Nicholas Phan’s Britten recital finds its footing at Mandel Hall

Sat Oct 19, 2013 at 2:13 pm

By Wynne Delacoma

Nicholas Phan performed music of Britten and Schubert Friday night at Mandel Hall.
Nicholas Phan performed music of Britten and Schubert Friday night at Mandel Hall.

Tenor Nicholas Phan was back onstage in Chicago Friday night, finishing up his fall whirlwind celebrating the centennial of Benjamin Britten’s birth.

In early September he performed Britten’s Serenade for Tenor, Horn and Strings at Ravinia with the Knights chamber ensemble. A week later in downtown Chicago he participated in two recitals focusing on Britten, part of the annual Collaborative Works Festival he has been involved with since 2010.  And Friday night in Mandel Hall in a concert called “A Salon Evening with Nicholas Phan,’’ he performed works by Britten and Schubert with pianist Myra Huang, harpist Sivan Magen and hornist Gail Williams.

The atmosphere at the University of Chicago Presents event was as close to a relaxed musical salon as possible in a proscenium theater with more than 900 seats. A Michigan native and alumni of Ravinia’s Steans Music Institute, the 34-year-old Phan obviously feels at home in front of Chicago audiences. His commentary between sets of songs by Britten and Schubert and Britten’s Canticles V and III was lively and informed. He has clearly studied Britten’s life and music very closely. There was an easy rapport between him and his gifted colleagues.

During the concert’s first half, however, especially in two sets of songs chosen from Britten’s myriad arrangements of English folk tunes, Phan often sounded affected. He seemed to be overselling each song, exaggerating its dramatic peaks and valleys. His tenor is flexible and sweet-toned with an attractive, dark hue. But he punched out loud notes and often allowed final quiet phrases or high, hushed notes to simply disappear. Like watching a revolving high-intensity beacon, we were alternately blinded by bright light and left in darkness.
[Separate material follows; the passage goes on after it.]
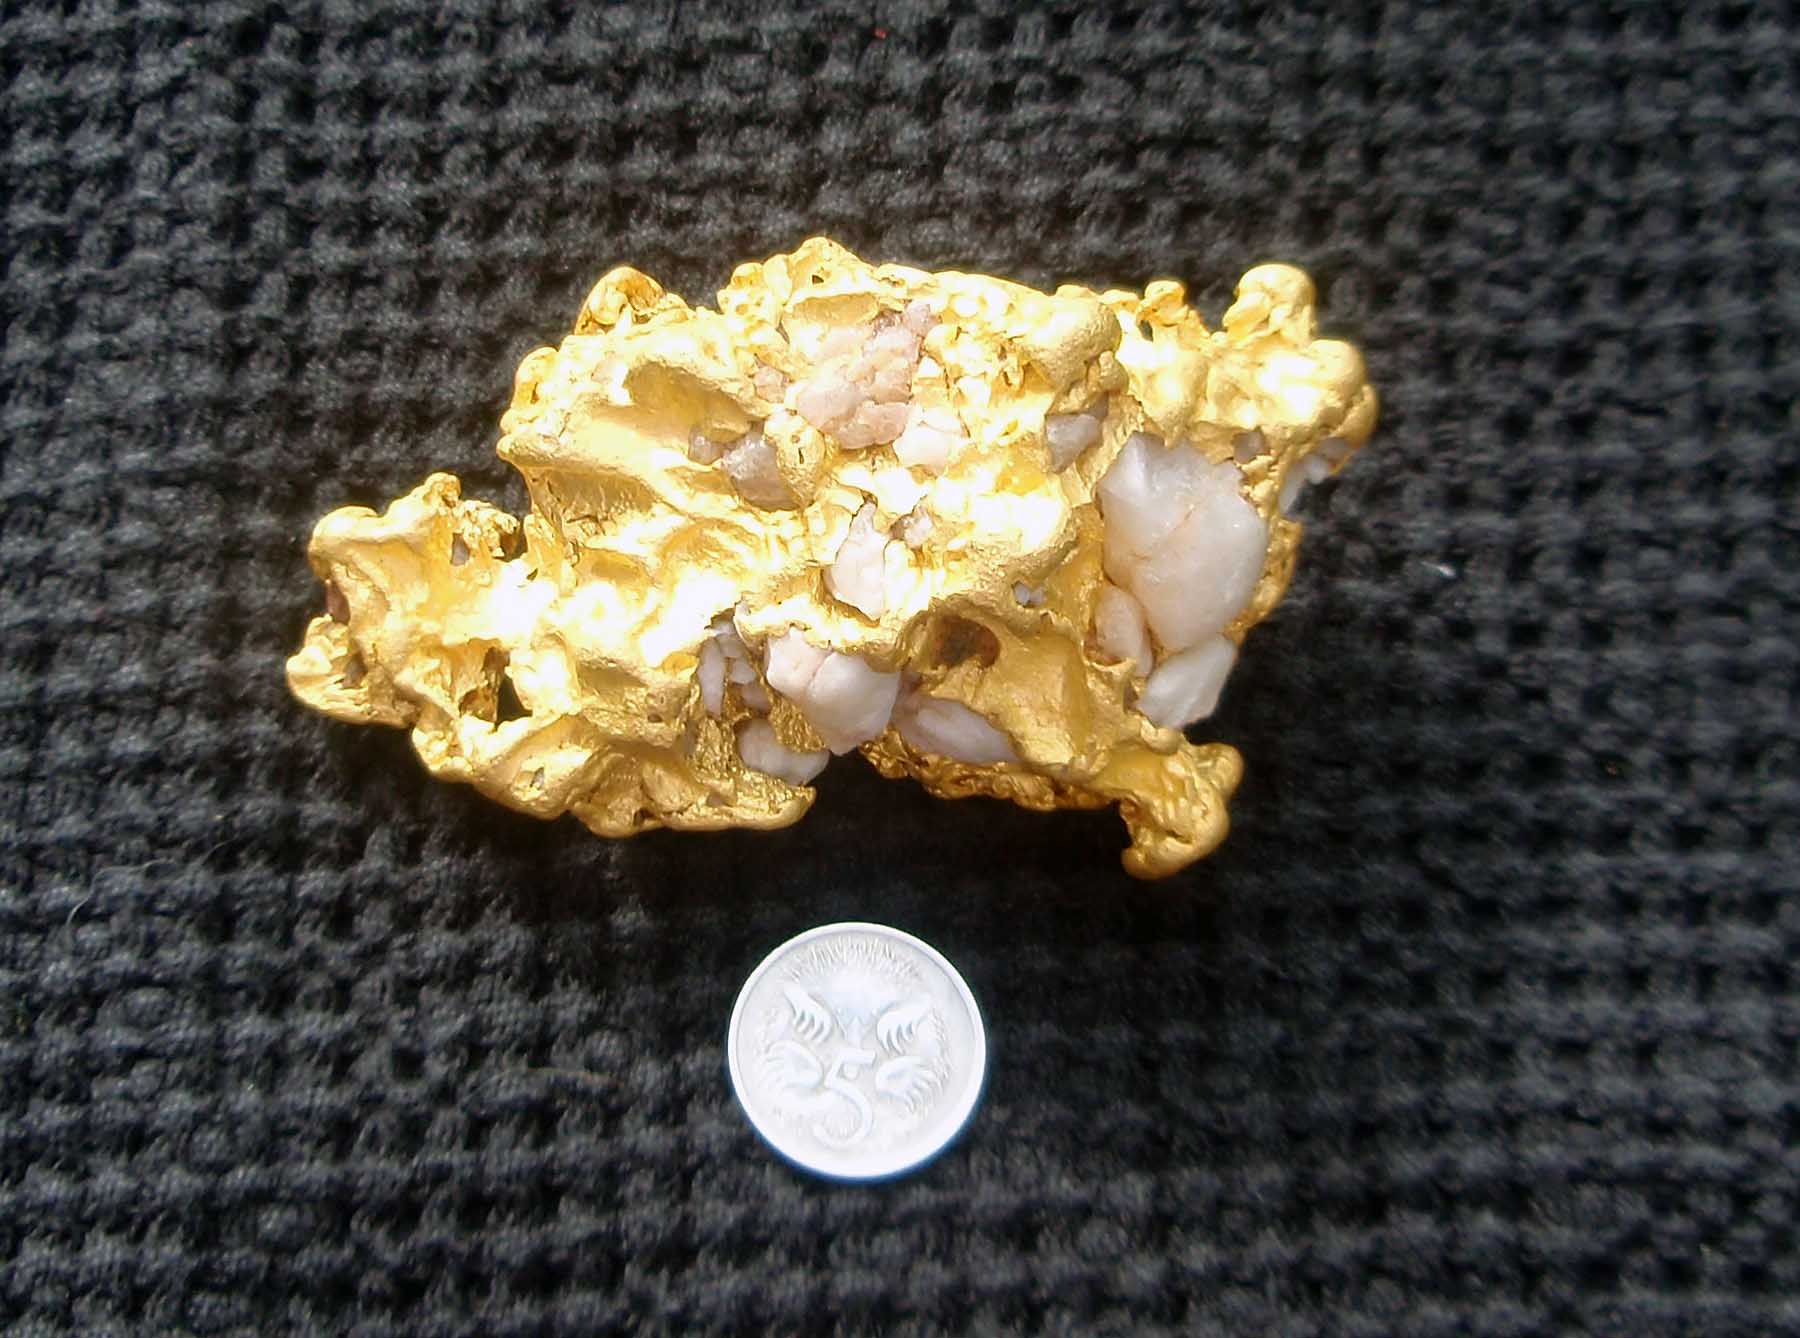 Kooneneberry gold in quartz vein.

Elsewhere in the first half, however, Phan found firmer footing. Britten’s Canticle V: The Death of Saint Narcissus, Op. 89, is a deeply strange work. Set to a text by T. S. Eliot that fuses images of the doomed Narcissus and the Christian martyr St. Sebastian, Britten’s music brims with brooding harmonies and an almost ecstatic undercurrent of violence.  Punctuated by Magen’s fierce, austere harp, Phan’s vocal line was mesmerizing, shifting from raptly expressive lyricism to aggressive half-speech.

The recital’s first half closed with a beautifully spun Auf dem Strom by Schubert, enhanced by Williams’ mellow horn and Huang’s serenely rippling piano.

After intermission, Phan settled more easily into Britten’s folk songs, all accompanied by harp. Lord! I married me a wife was full of comic desperation while Bonny at Morn proceeded eloquently from innocence to something more unsettled.

Three Schubert songs about spring (Fruhlingsglaube, Im Fruhling and Der Musensohn) were subtly shaded, with high, open notes that floated easily above Huang’s piano.

Britten’s Canticle III: Still Falls the Rain, Op. 55, for tenor, horn and piano, was hair-raising. An outcry by Dame Edith Sitwell about the Nazi bombing of London in World War II, its text combines accusation and hallucination. At times, Phan’s singing took on the weight of ancient chant, its otherworldly aura aided by the sustained, ominous notes of William’s horn and Huang’s gnarly piano chords.